Competitive Landscape: Align Technology faces significant competition from traditional orthodontic appliance (or wires and brackets) players such as 3M’s Unitek. The company also competes with products similar to InvisAlign Technology, including products from Ormco Orthodontics, a division of Sybron Dental Specialties. Align Technology witnessed a continuous decline in higher average selling prices, primarily resulting from advantage rebate, promotional activity and product mix.

Estimate Trend

The company is witnessing a positive estimate revision trend for 2020. Over the past 30 days, the Zacks Consensus Estimate for its earnings has moved 0.4% north to $6.75.

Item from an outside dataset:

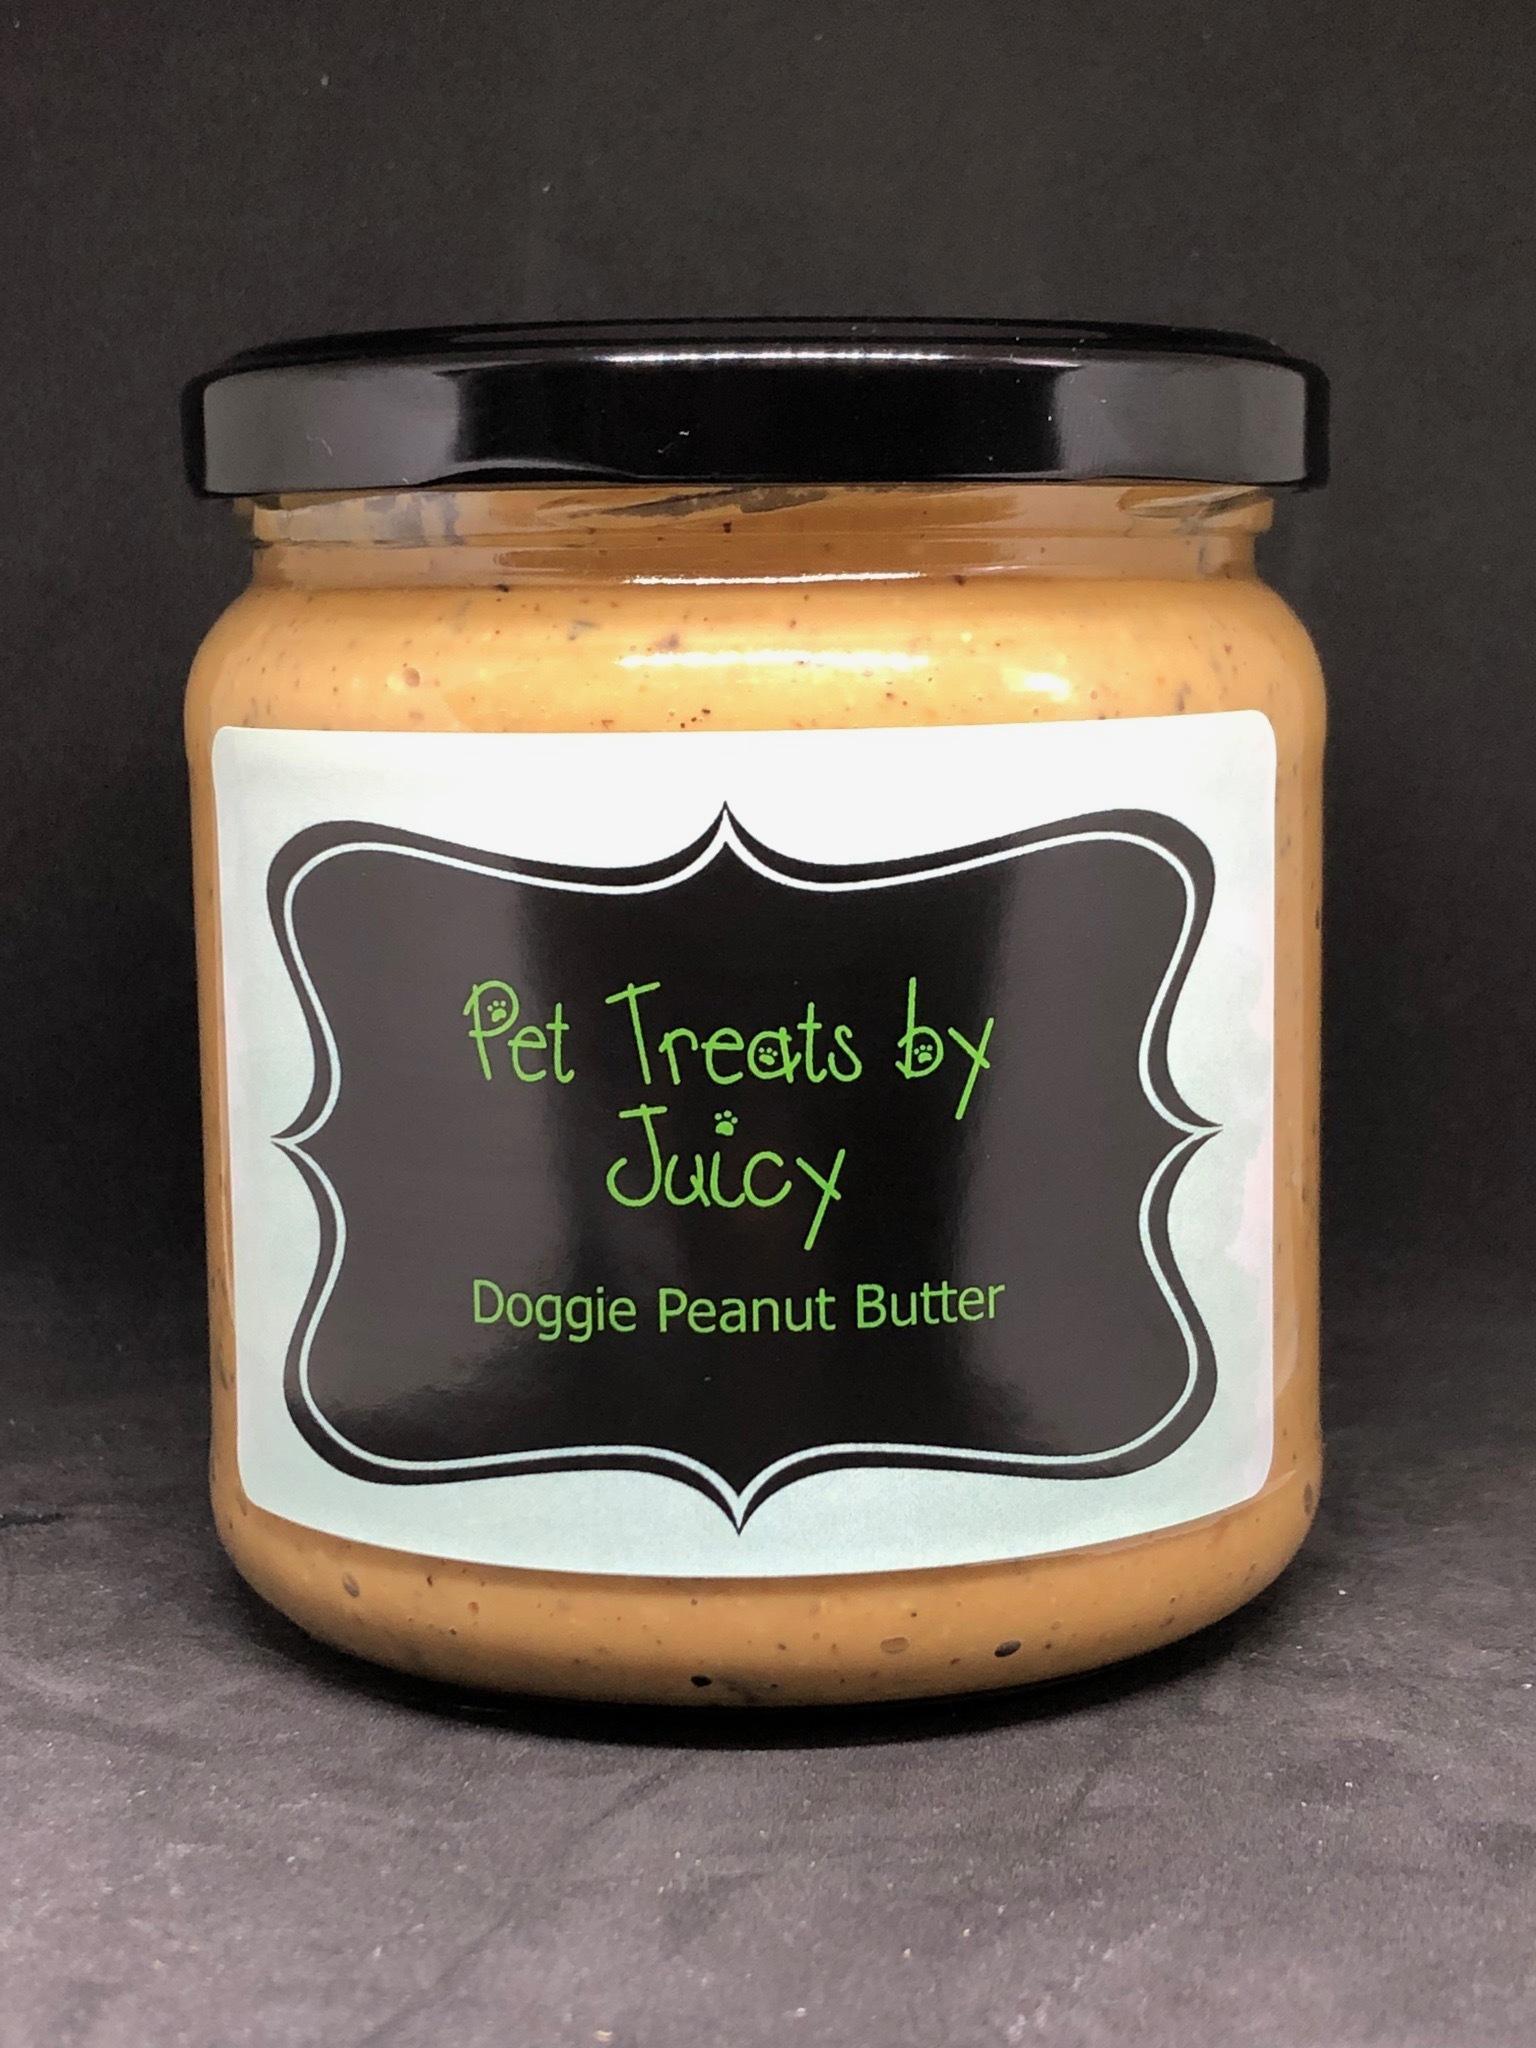 Doggie Peanut Butter 400g doggie-peanut-butter1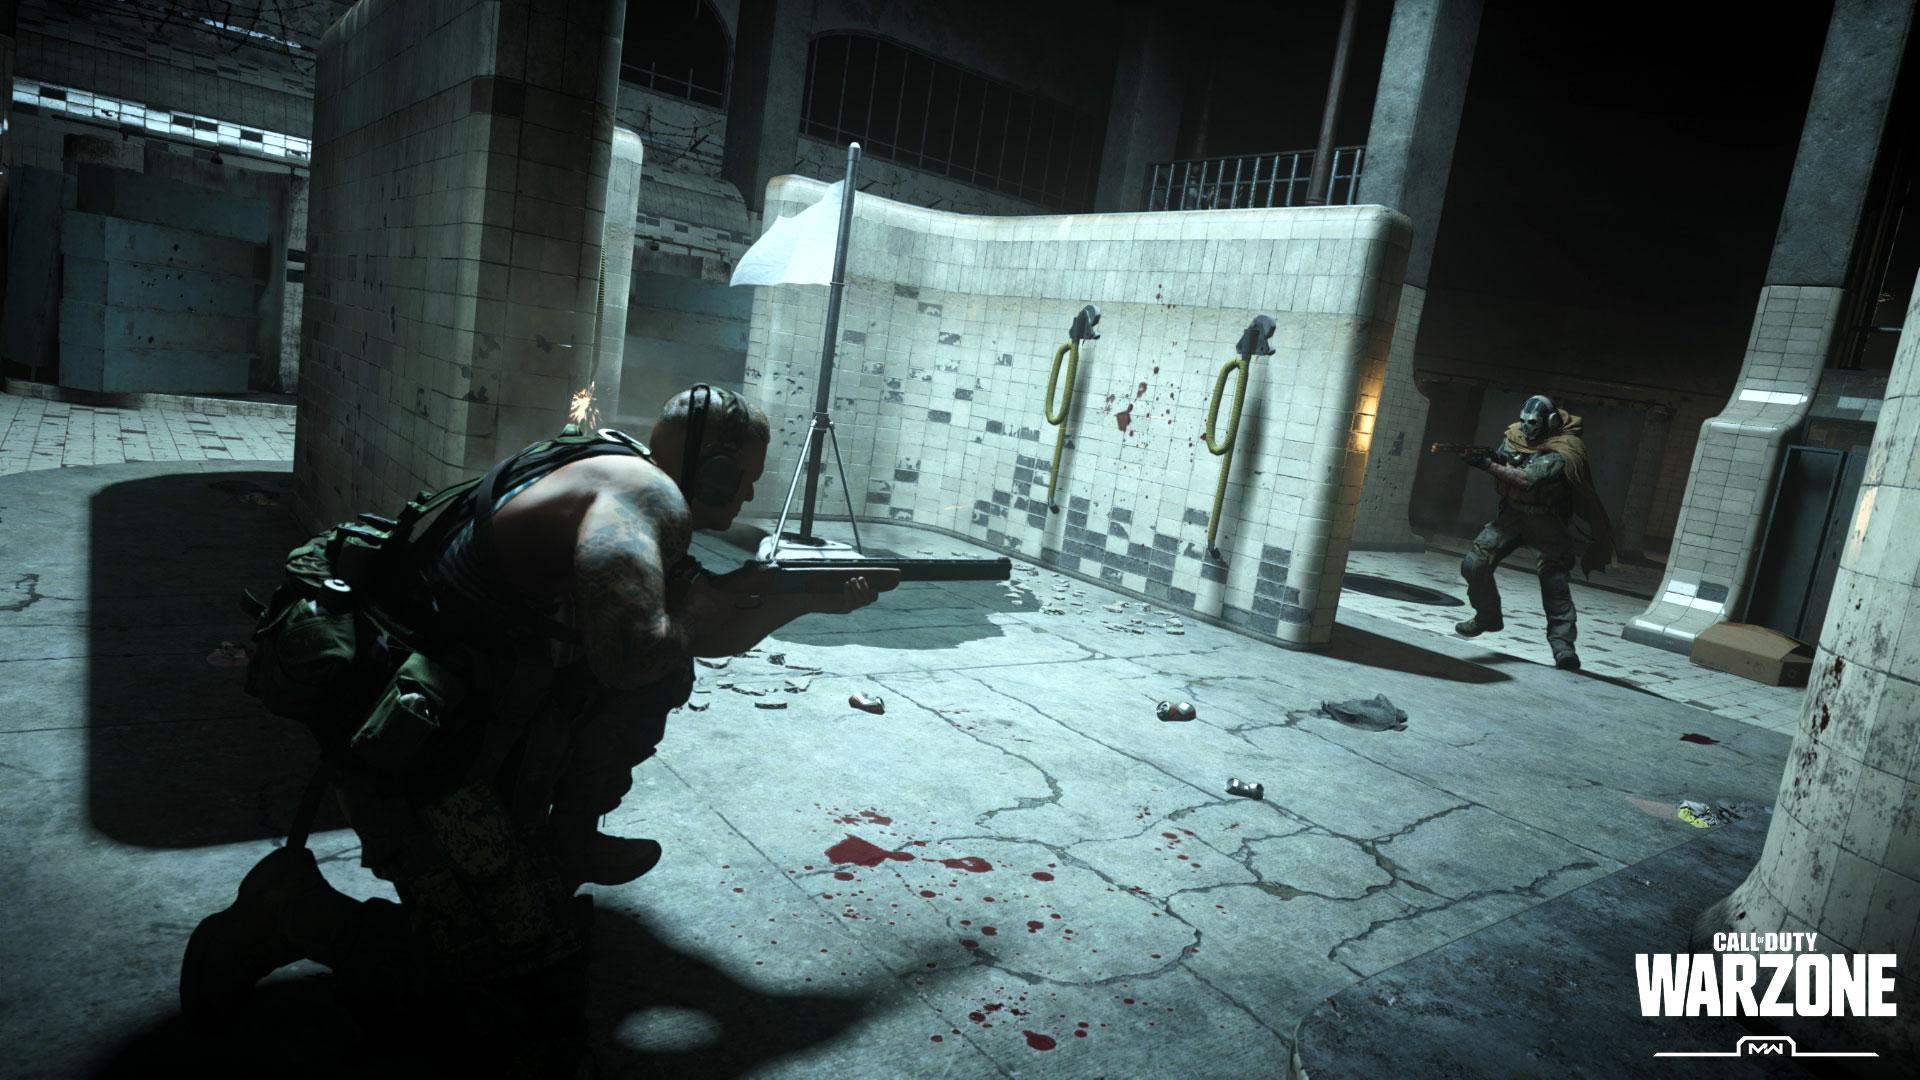 Warzone Mode Recon: Battle Royale - Image 3

The Zacks Consensus Estimate for the company’s first-quarter 2020 revenues is pegged at $622.7 million, suggesting a 13.4% rise from the year-ago reported number.

Key Picks

Some better-ranked stocks from the broader medical space are ResMed Inc. (RMD - Free Report) , Medtronic plc (MDT - Free Report) and Hill-Rom Holdings, Inc. .

ResMed has a projected long-term earnings growth rate of 14.5%. It currently carries a Zacks Rank #2 (Buy). You can see the complete list of today’s Zacks #1 Rank (Strong Buy) stocks here.

Medtronic’s long-term earnings growth rate is estimated at 7.4%. The company presently carries a Zacks Rank #2.

Hill-Rom’s long-term earnings growth rate is estimated at 11.1%. It currently carries a Zacks Rank #2.